Function Jacobian_matrix_of_Softmax(z[], n):
    Let p = Softmax(z)
    Let J[][] = n by n matrix of reals
    For i = 1 to n:
        J[i][i] = p[i] * (1.0 - p[i])
        For k = 1 to i-1:
            J[k][i] = -p[i]*p[k]
            J[i][k] = J[k][i] 
        End For
    End For
    Discard p
    Return J
End Function

or, using $\mathbf{p} = \text{Softmax}(\mathbf{z})$ if that is already calculated,

Function Jacobian_matrix_of_Softmaxed(p[], n):
    Let J[][] = n by n matrix of reals
    For i = 1 to n:
        J[i][i] = p[i] * (1.0 - p[i])
        For k = 1 to i-1:
            J[k][i] = -p[i]*p[k]
            J[i][k] = J[k][i] 
        End For
    End For
    Discard p
    Return J
End Function

Individual partial derivatives are calculated using

Function Partial_of_Softmaxed(p[], i, j):
    If i == j:
        Return p[i] * (1.0 - p[i])
    Else:
        Return -p[i] * p[j] 
    End If
End Function

but note using the matrix symmetry, we can calculate the diagonal values separately, and off-diagonal values (to the left, and directly above, each diagonal value) in a separate subloop, we can do the calculations much more efficiently.
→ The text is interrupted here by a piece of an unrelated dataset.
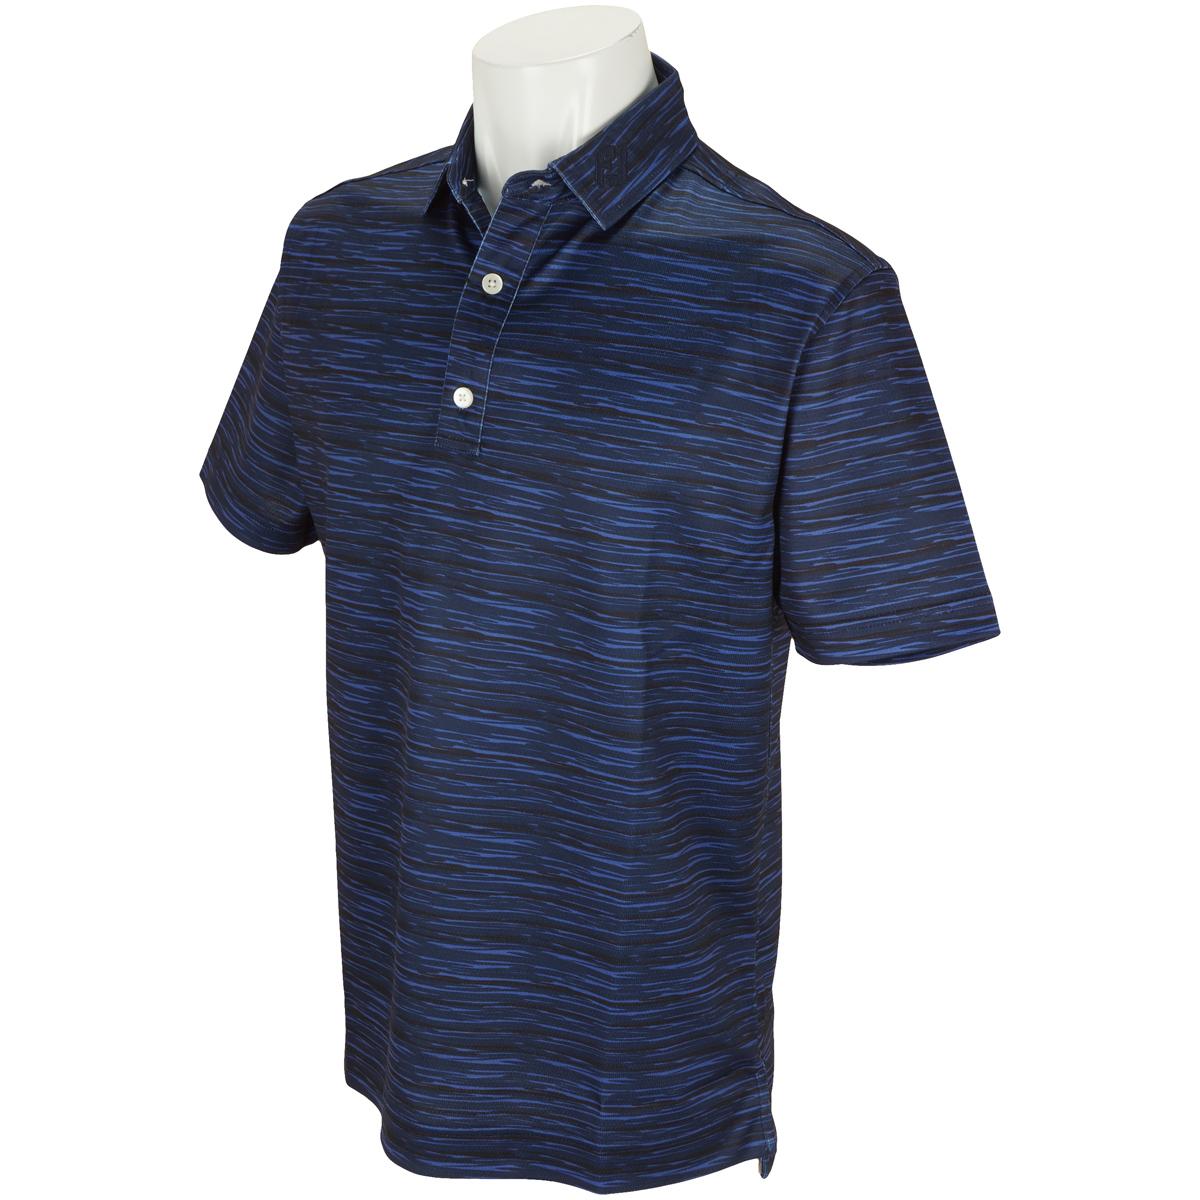 グラフィックメッシュ半袖ポロシャツ

Whether calculating the Jacobian matrix is useful or not, depends on what you need the partial derivatives for. If you only need the gradient of $\mathbf{p}$ ($\nabla\mathbf{p}$), use

Function Gradient_of_Softmaxed(p[], n):
    Let  g[] be an array of n reals
    For i = 1 to n:
        g[i] = p[i] * (1.0 - p[i])
    End For
    Return g
End Function

Function Gradient_of_Softmax(z[], n):
    Let g = Softmax(z, n)
    For i = 1 to n:
        g[i] = g[i] * (1.0 - g[i])
    End For
    Return g
End Function

instead of Jacobian_matrix_of_Softmaxed(). Note how the latter version, if you don't need $\text{Softmax}(\mathbf{z})$, can reuse the storage for the gradient.